Writer-director Sidney Gilliat re-pairs the hit young star-player team from The Family Way (1966) and Twisted Nerve (1968), Hayley Mills and Hywel Bennett, for another creepy thriller, a heavily reworked 1972 film version of a well-regarded Agatha Christie novel.
Mills and Bennett reconvene to much less success than in The Family Way as a rich American heiress Ellie Thomsen (Mills) in England who marries a chauffeur Michael Rogers (Bennett) and meets with murder, madness and mayhem when the newly-wed couple are threatened after building their dream home on supposedly cursed land.

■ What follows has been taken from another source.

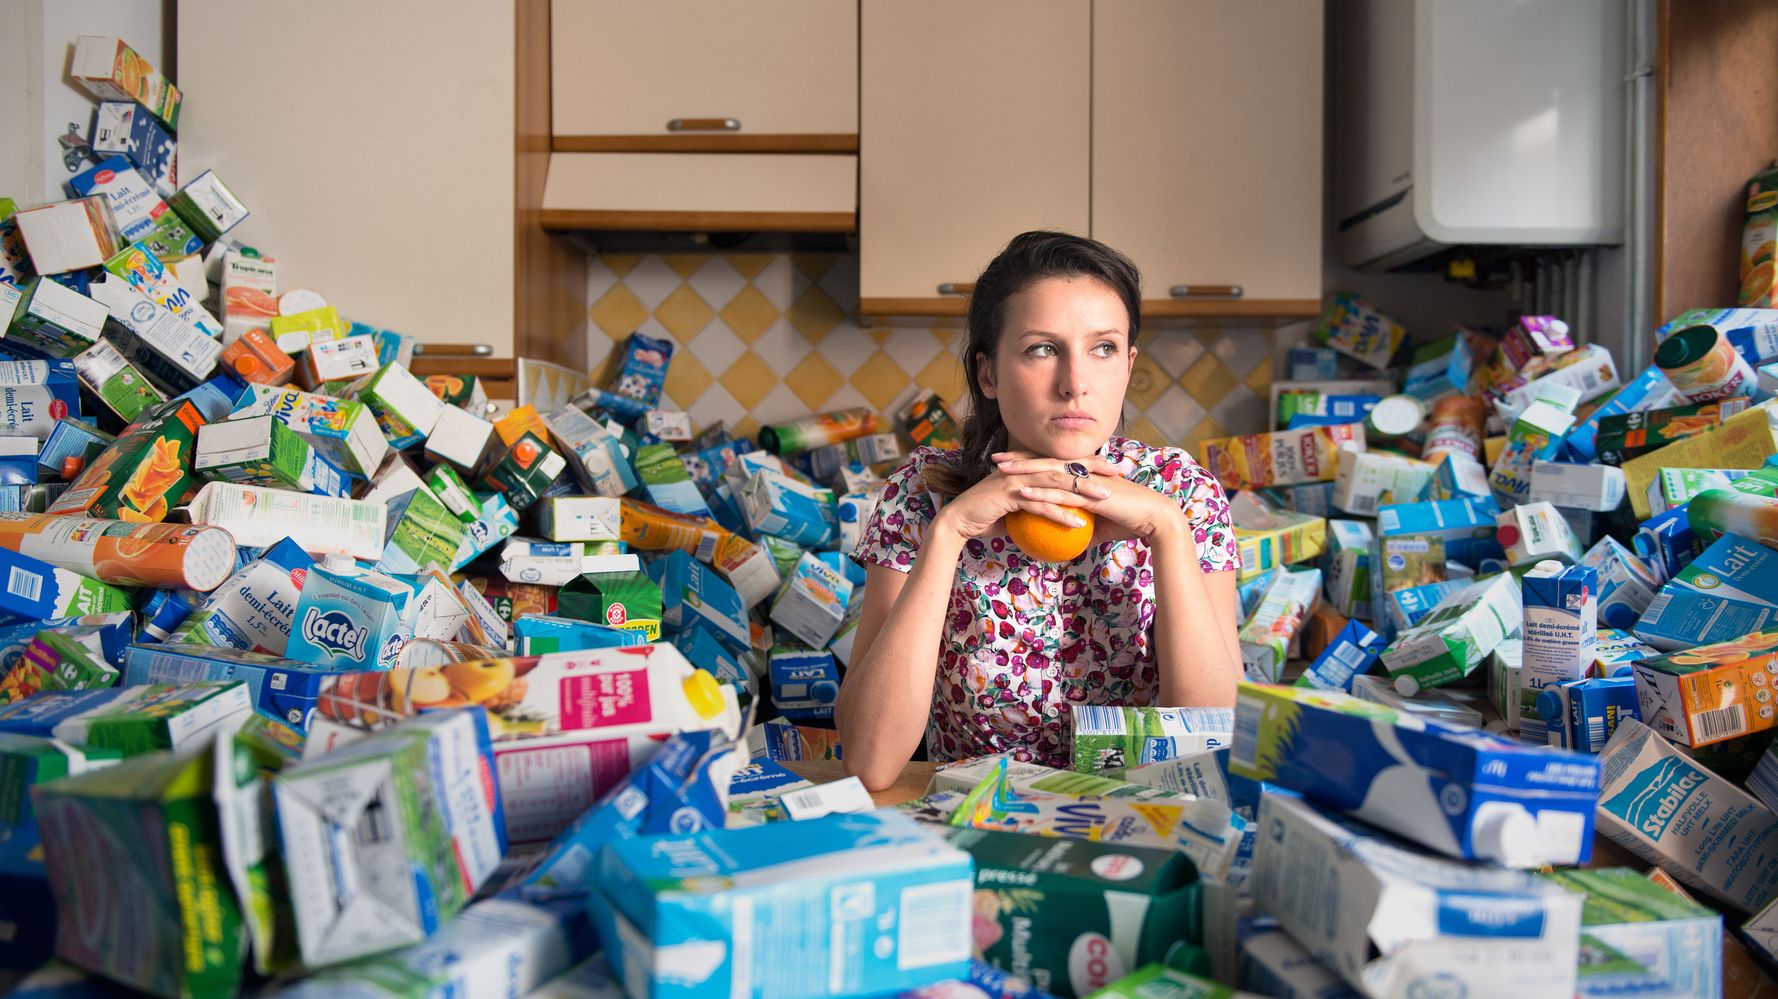 A Photographer Collected Four Years Worth Of Trash To Show Just How Wasteful Humans Can Be
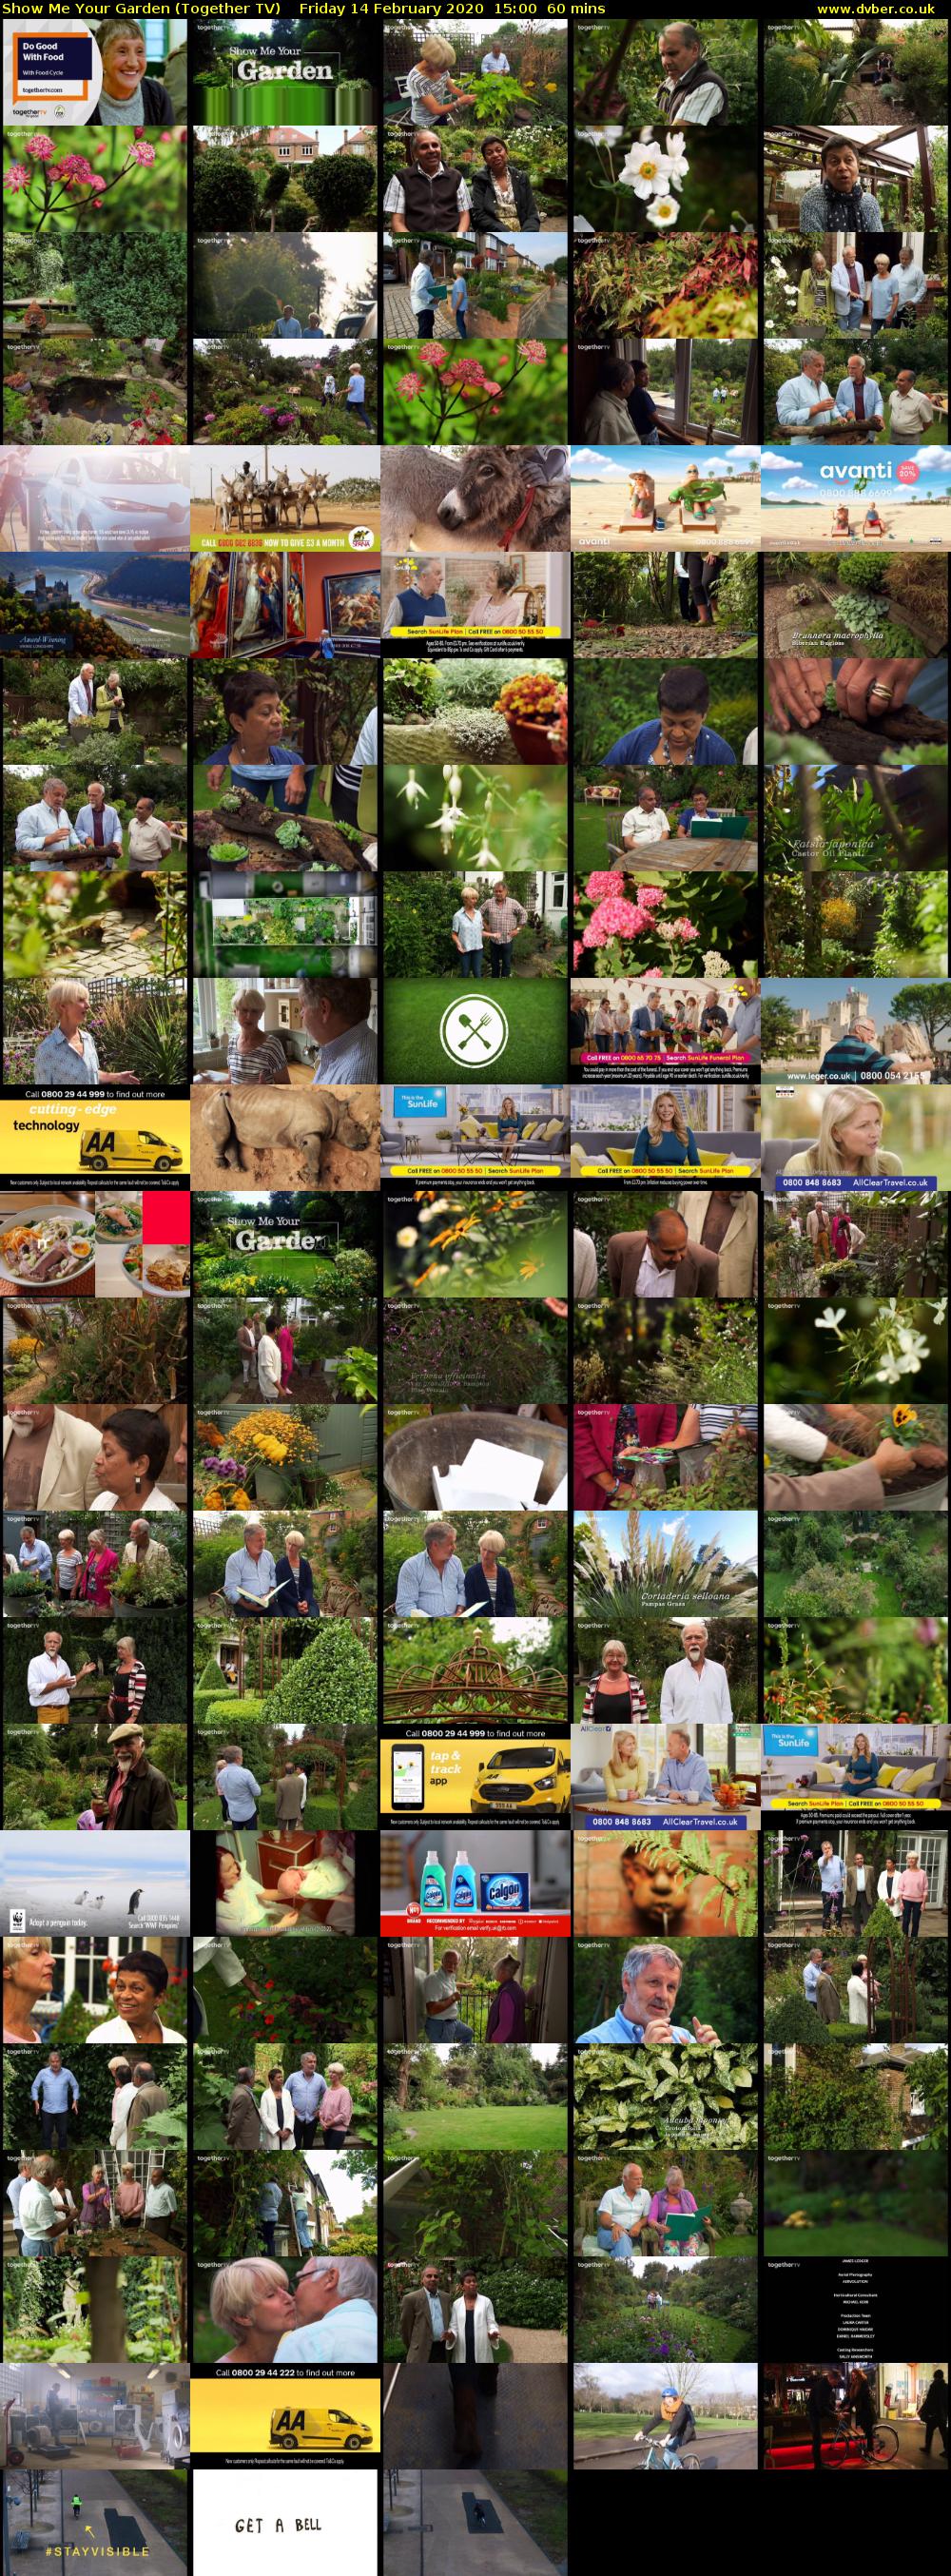 Show Me Your Garden (Together TV) Friday 14 February 2020 15:00 - 16:00

Michael is not popular with Ellie’s greedy family or her interfering best friend Greta (Britt Ekland).
Gilliat manages to stir up some of ye grippinge olde Englishe tension and suspense. But – fasten your seat belts – fairly dull characters and a rather obvious plotline make this a bumpy night, though the endlessly twisty ending is good.
George Sanders as the family lawyer Andrew Lippincott, Per Oscarsson as the Swedish architect Santonix, Lois Maxwell and Peter Bowles, Aubrey Richards, Ann Way, Patience Collier, David Bauer, Helen Horton, Madge Ryan, Windsor Davies and Walter Gotell complete a very good cast.
Mills’s singing voice is dubbed by Shirley Jones.
Pulblished in 1967, the book was one of Christie’s favourites of her own works and received some of her best reviews.
As for the movie, Christie had reservations about the use of sex scenes to enliven the plot.
It was filmed for TV in 2014 with Julia McKenzie as Miss Marple and Tom Hughes as Michael Rogers and Joanna Vanderham as heiress Ellie.
Tragically, George Sanders committed suicide on aged 65, before the film’s release on 5 October 1972.